Her entrepreneurial upbringing stayed in the back of her head the whole time, and she started thinking about ways that she could turn her business sense and chemical skill to a profit in the post-war boom. She started experimenting at home with cosmetics, aiming to bring science and pragmatism to an industry often run by men who had no experience with the day-to-day hassle of cosmetic application. Where cosmetic magnates like Elizabeth Arden lived high lives of conspicuous luxury selling exotically named products that didn't last, Hazel Bishop lived with her mother and carried out experiments in the kitchen to produce a cosmetic that the average woman could depend on.
She decided on a pigment and dye combination, using bromo acids for the dye, but compensating for their corrosiveness by adding lanolin as a moisturizer. Over the course of three hundred experiments she tinkered with her mixture, balancing color purity against comfort and vibrancy against indelibility until she produced at last a lipstick that looked good and, properly applied, wouldn't come off on cigarettes or coffee cups or hunky Scotsmen.

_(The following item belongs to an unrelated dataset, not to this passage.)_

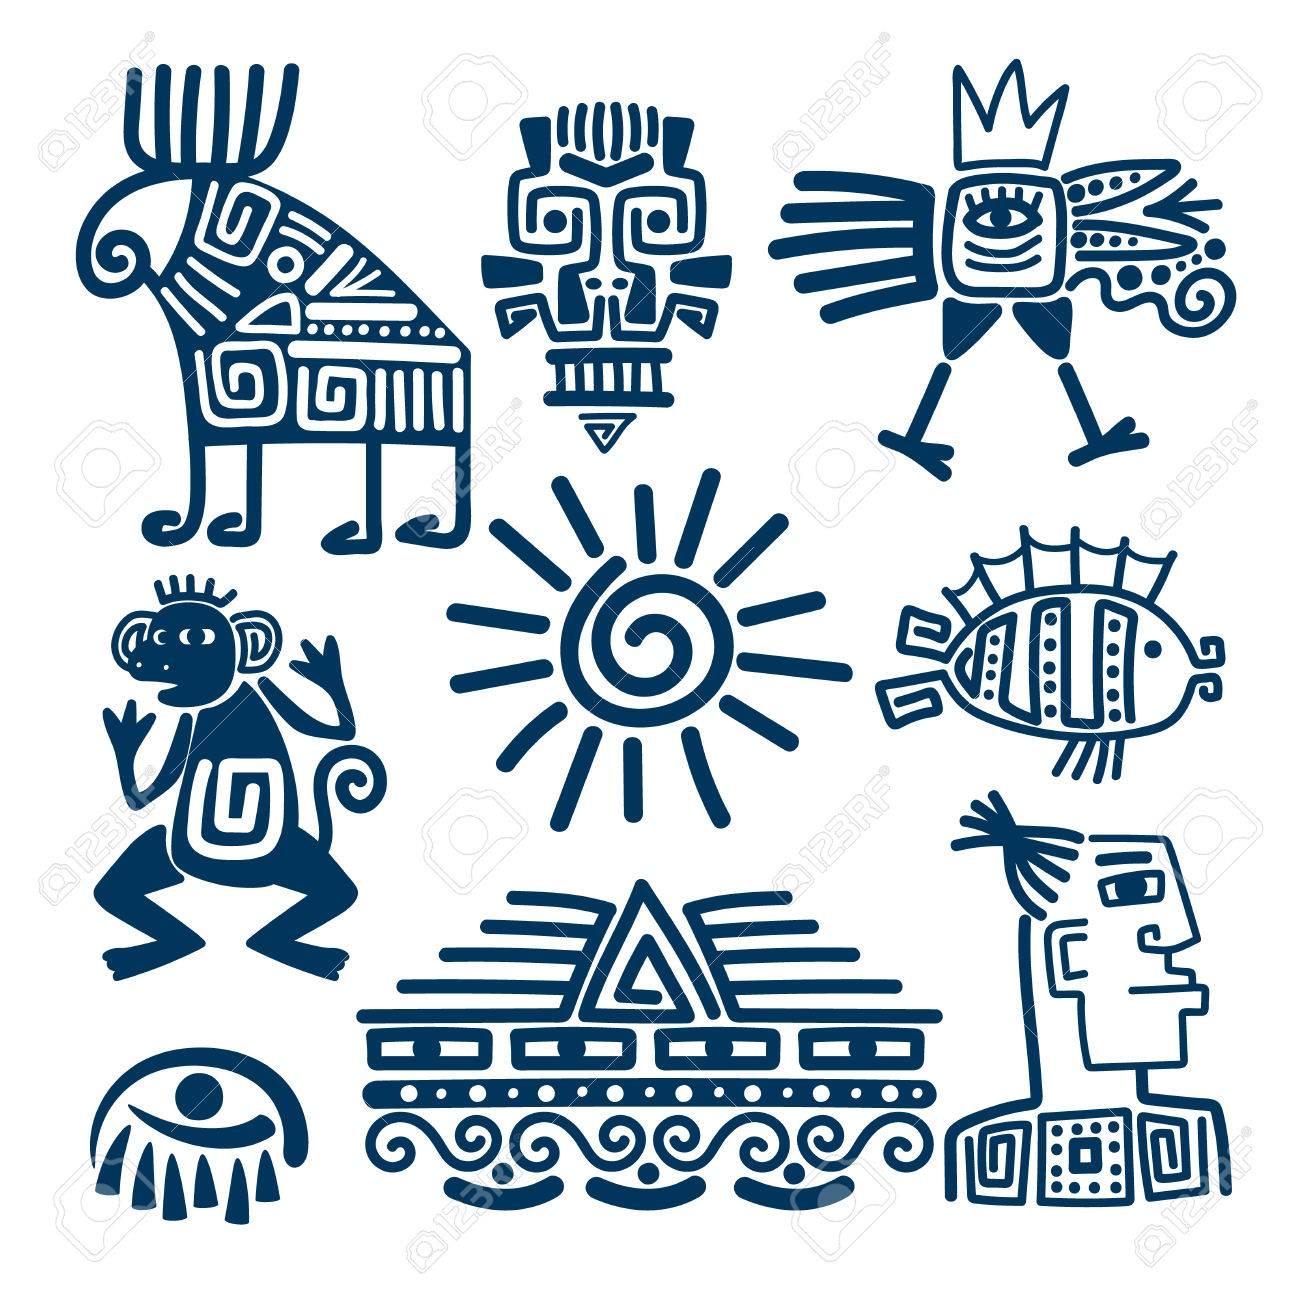 Icônes De Totems Linéaires Maya Ou Inca. Symboles Anciens Aztèques Isolés Sur Fond Blanc. Clip Art Libres De Droits , Vecteurs Et Illustration. Image 78610775.

She found a manufacturer and started selling locally. Her lipsticks bore names like "Pink" and "Red Orange" and "Dark Red" instead of the fanciful but not particularly instructive "Caribbean Dawn"-type titles of the traditional cosmetics industry. "Women want color information when they buy a lipstick, not a prose poem," she laconically commented. In spite of costing twice as much as a regular lipstick, her products flew off the shelves because of their unique properties. She hired an ace New York ad-man named Raymond Spector to launch Hazel Bishop, Inc. on a national scale in 1950, starting with a $1.5 million ad campaign that mixed sexual innuendo with consumer pragmatism to push Hazel Bishop's "kissable lipstick" into the national consciousness.
Soon, Bishop's lipsticks accounted for twenty-five percent of the industry and threatened Revlon itself, which launched a famous "lipstick war" to bury the upstart company. Spector and Bishop responded with intensive television advertising but, though the company was selling millions of dollars of products a year, it was also spending millions on its advertising budget, and the high-sales-but-low-profit-margin specter started doing its grim work.

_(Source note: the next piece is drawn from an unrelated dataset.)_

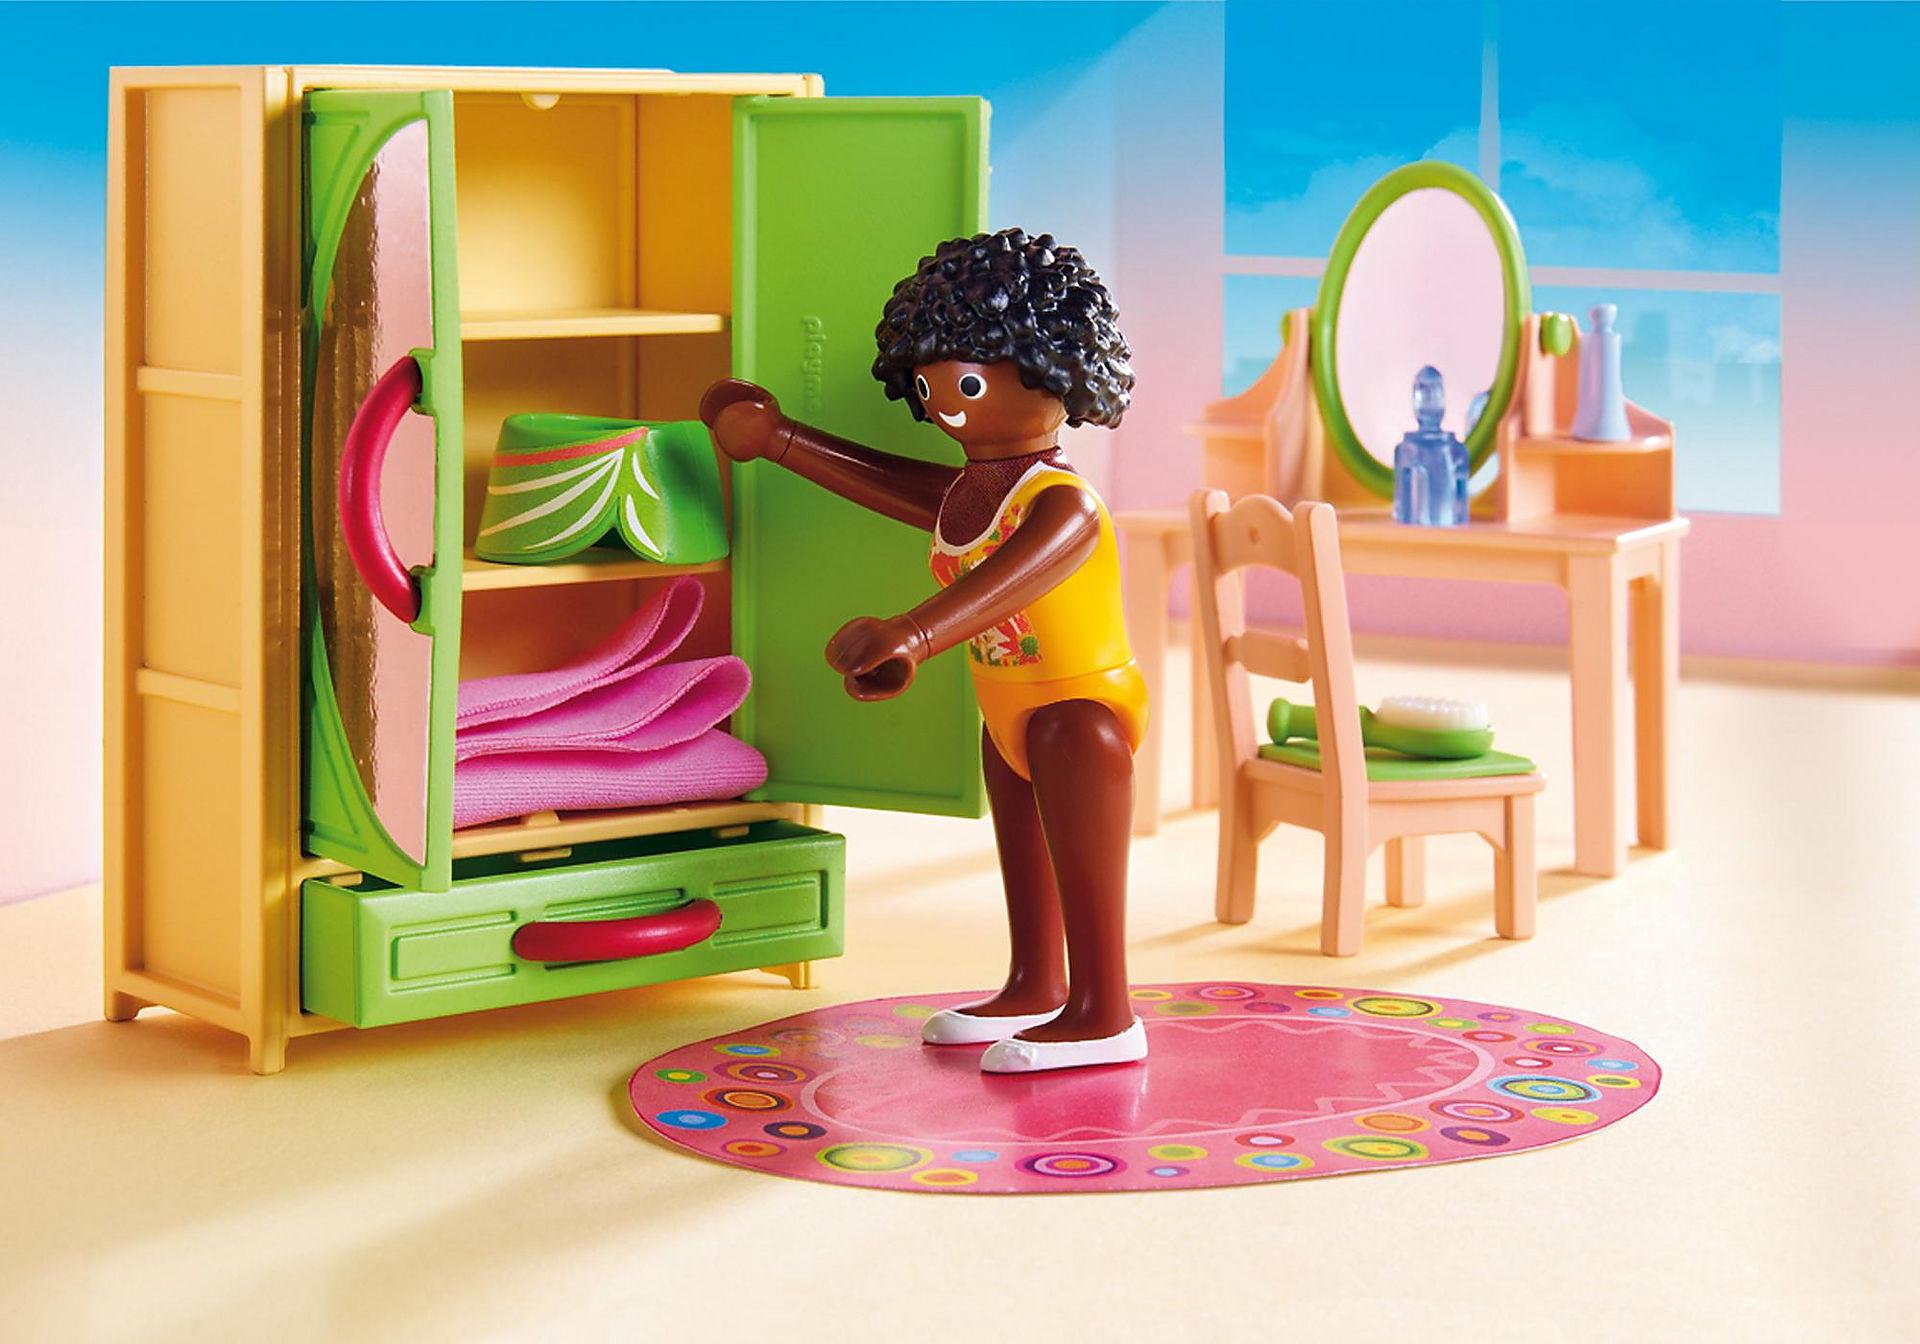 http://media.playmobil.com/i/playmobil/5309_product_extra1/Habitación Principal

But that wasn't Bishop's real problem. Her real problem was Spector, who exploited his original loose contract to direct company money towards his firm and began to buy up enough shares in the company to force Bishop herself out. In just four years, from 1950 to 1954, Bishop had invented a revolutionary new product, formed a massively successful business on its shoulders, reached the top of the industry, and been summarily thrown from her own company by a cunning charlatan. In her final sell-off of interest in the company, Bishop only received $310,000 during a year when the company's income was ten million dollars, and she was forbidden from using her own name in any future cosmetic ventures she might undertake.
Spector had taken her product, taken her company, and taken her very name.

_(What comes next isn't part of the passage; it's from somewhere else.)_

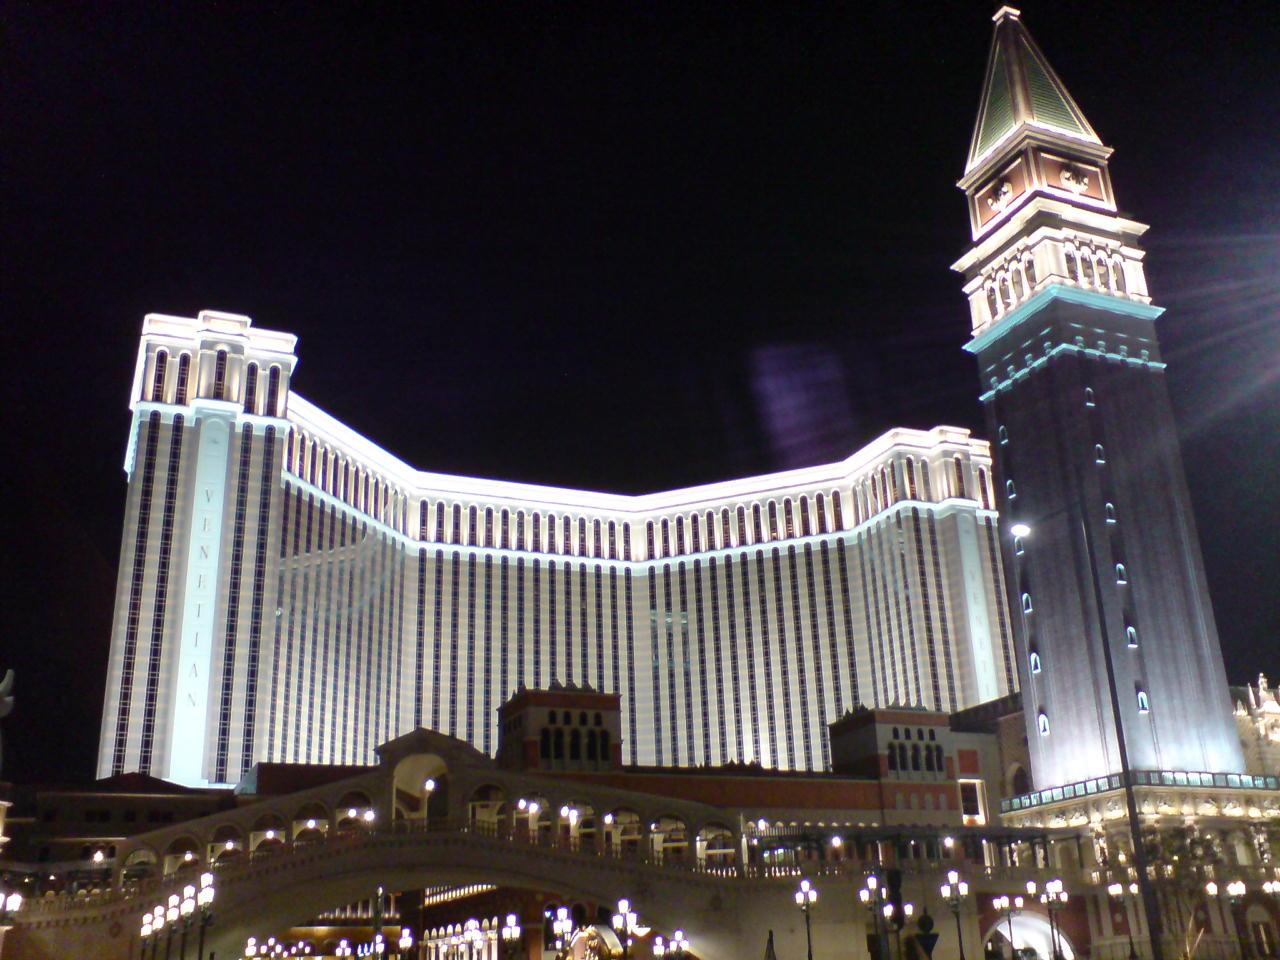 Venesia Hotel Las Vegas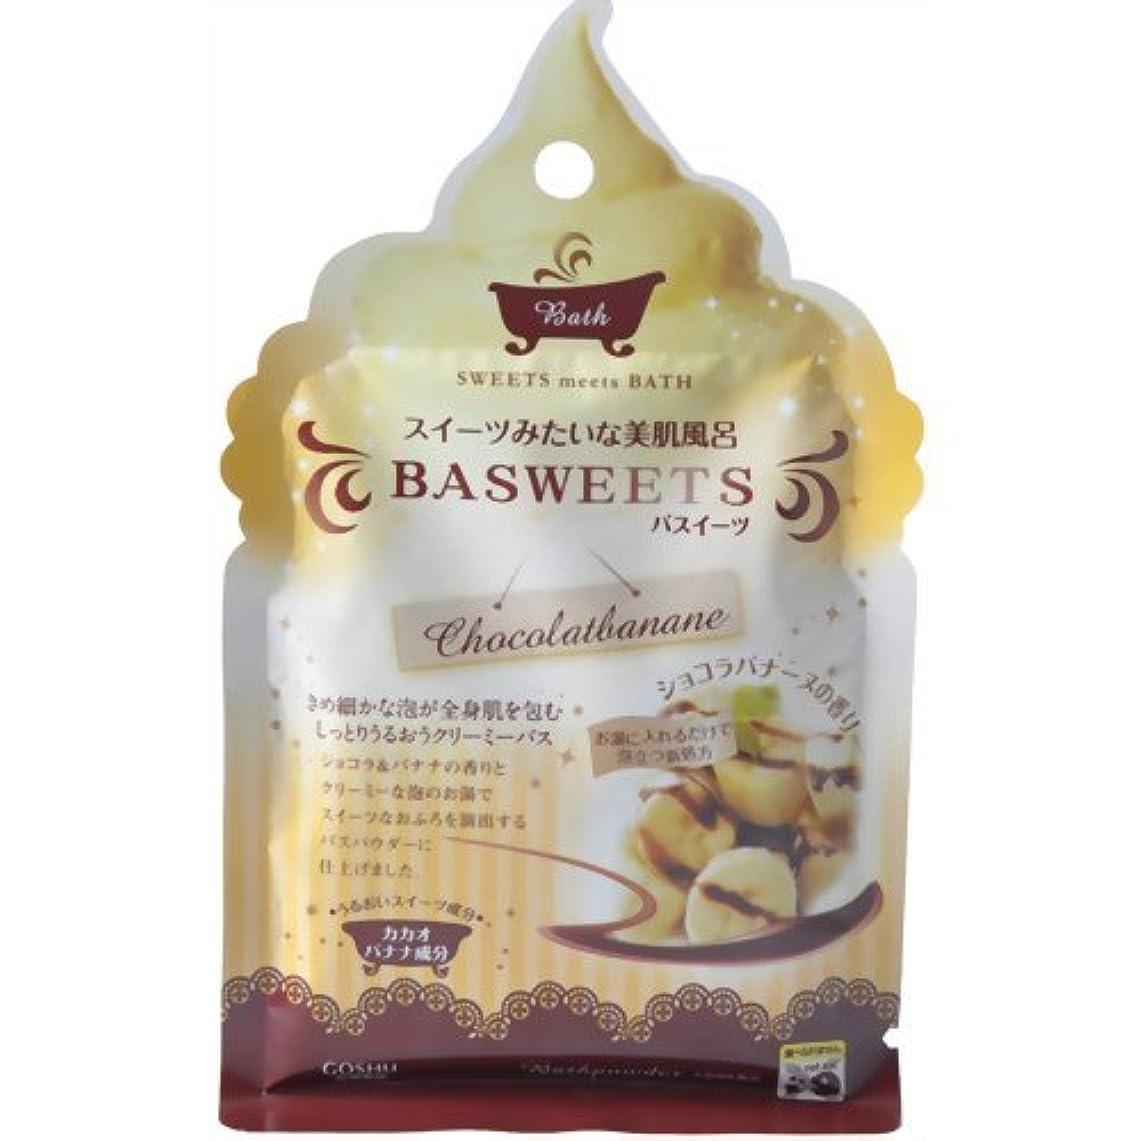 ジャンピングジャック密度としてバスイーツ ショコラバナーヌの香り 50g(入浴剤)

Bishop tried to capture lightning again, using her chemical abilities to develop a leather cleaner, a perfume stick called "Perfemme", and a foot spray that relieved foot fatigue... somehow.... None of them took off with the same fire of her lipstick, however, and in 1962 she turned stock broker, harnessing her knowledge of business and marketing to thrust herself fearlessly into another male-dominated field at an age when most people are slouching down into retirement. In 1980, her old competitor, Revlon, acknowledged her multifarious gifts by giving her a chair position at its Cosmetics Marketing Institute.
She died in 1998, universally respected in the cosmetics and marketing industries.
Raymond Spector lost and regained control of Hazel Bishop, Inc. before devoting himself to a company that traded old RKO movies to television stations in exchange for free advertising slots, a scheme which went about as could be expected, and about as Spector deserved.
FURTHER READING:
There isn't a stand alone book about Hazel Bishop, it will come as little surprise. Virginia Drachman gives an interesting five pages of her book Enterprising Women: 250 Years of American Business to Bishop's story, focusing on the business end, while the chemistry involved is admirably covered over at CosmeticsAndSkin.com.